Segment Open
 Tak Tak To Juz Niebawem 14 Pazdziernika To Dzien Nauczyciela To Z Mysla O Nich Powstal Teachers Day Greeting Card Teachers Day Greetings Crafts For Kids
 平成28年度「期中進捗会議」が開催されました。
Segment Closed
Segment Open
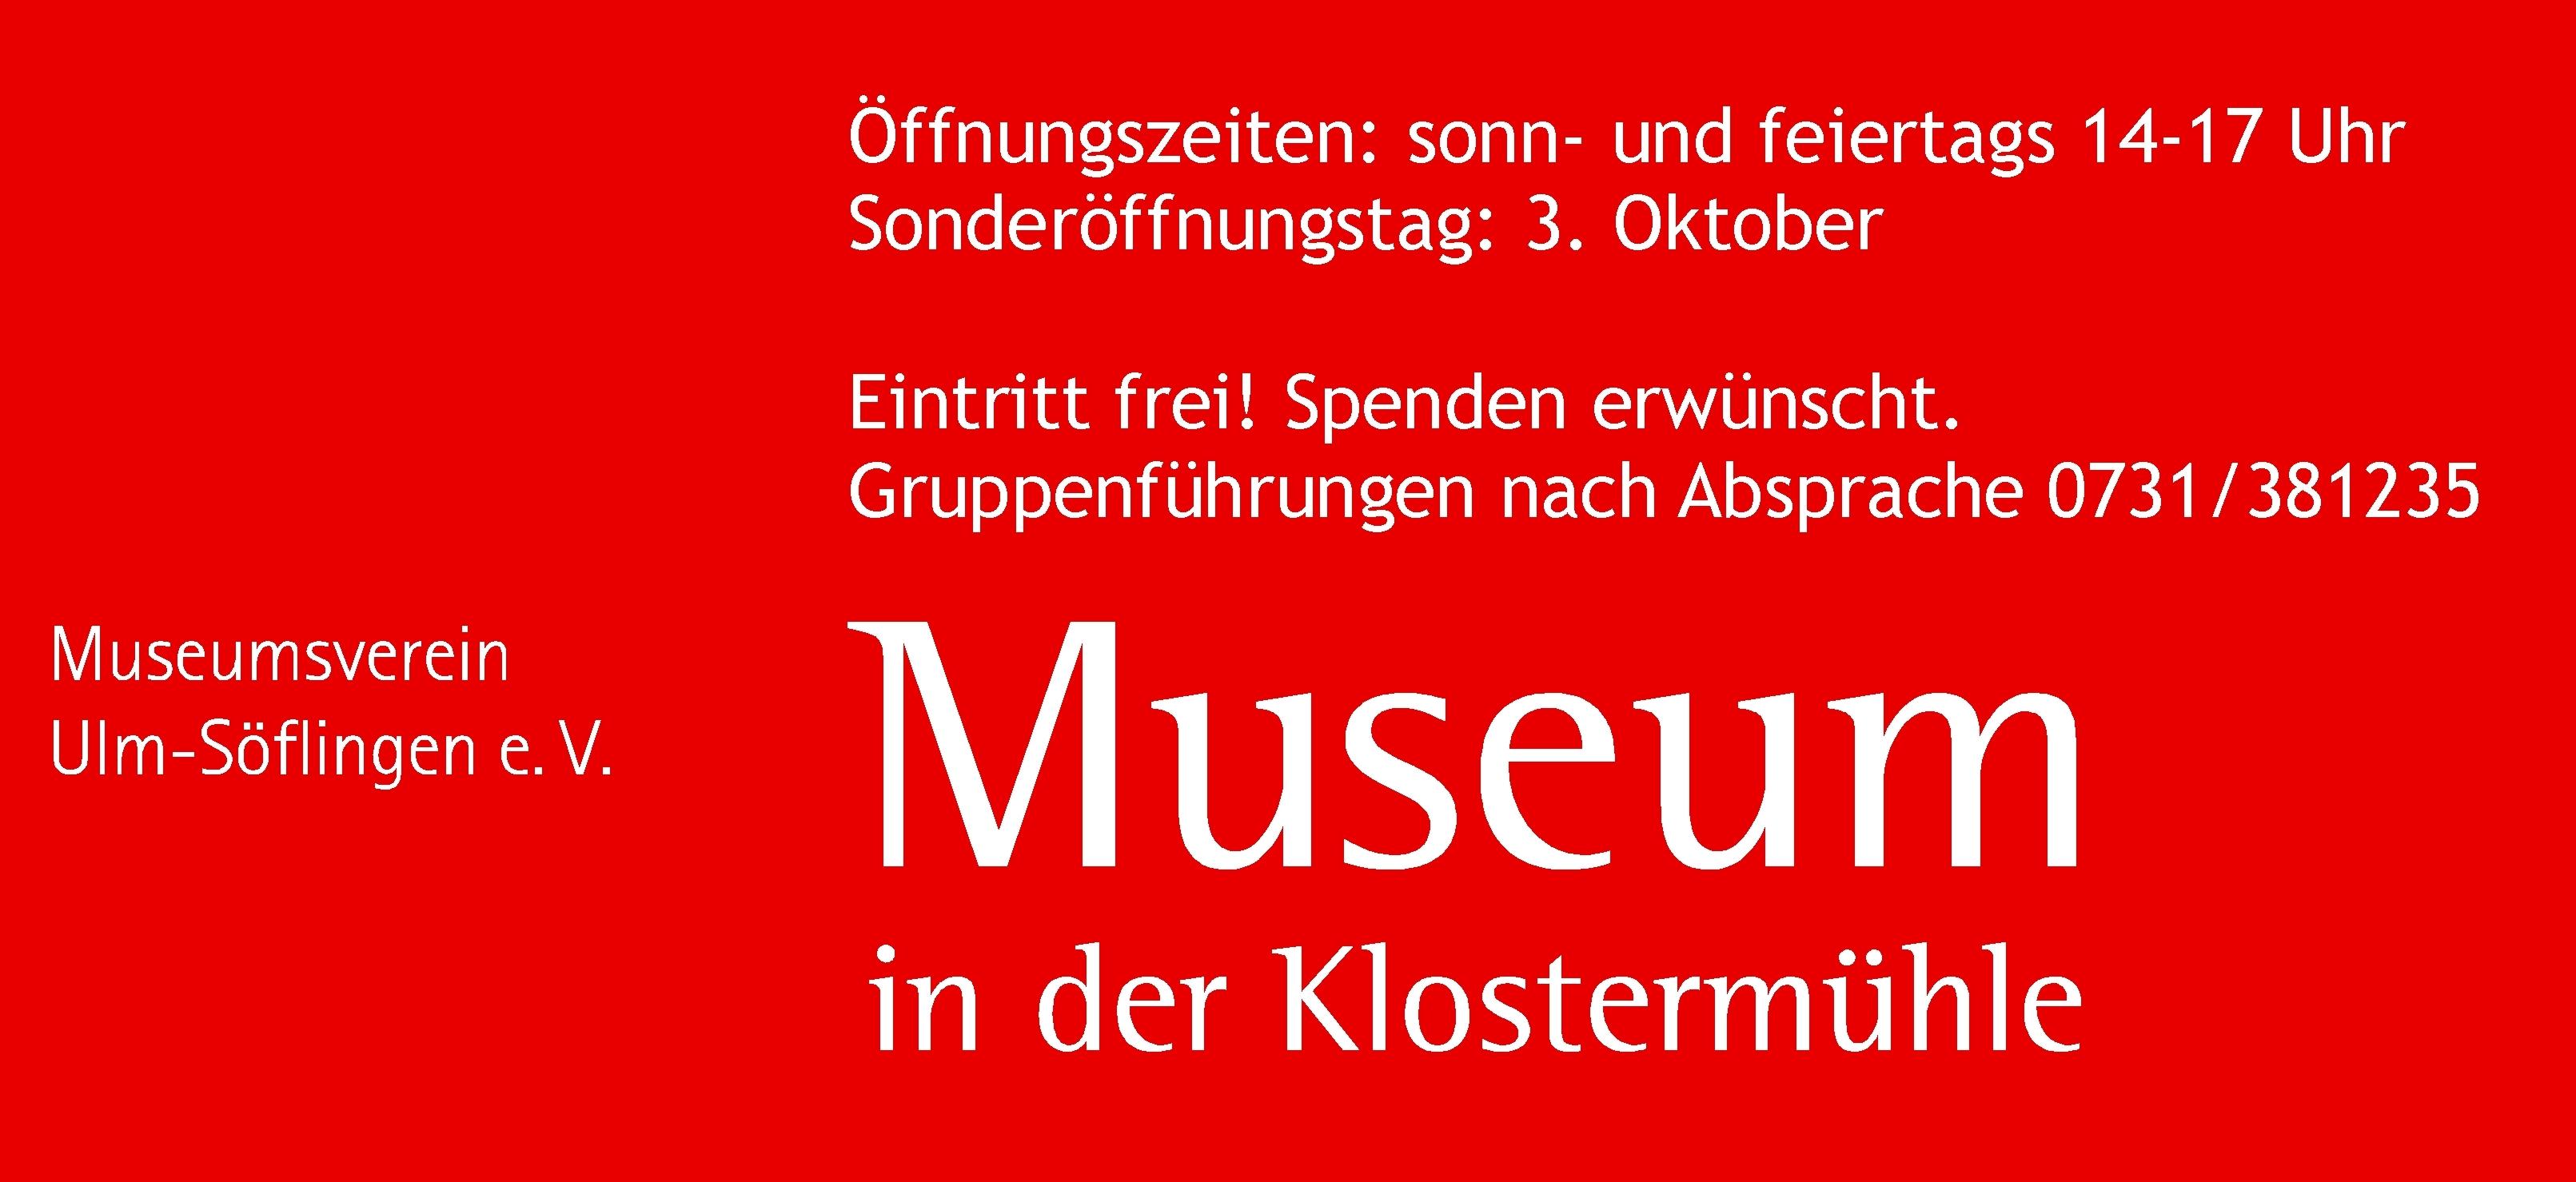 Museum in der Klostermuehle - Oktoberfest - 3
Segment Closed
What you should do = Using the records above, restate word for word the lines from the one with "Tak Tak To Juz" through the one with "平成28年度「期中進捗会議」が開催されました。", both included.

Exercise output =
 Tak Tak To Juz Niebawem 14 Pazdziernika To Dzien Nauczyciela To Z Mysla O Nich Powstal Teachers Day Greeting Card Teachers Day Greetings Crafts For Kids
 平成28年度「期中進捗会議」が開催されました。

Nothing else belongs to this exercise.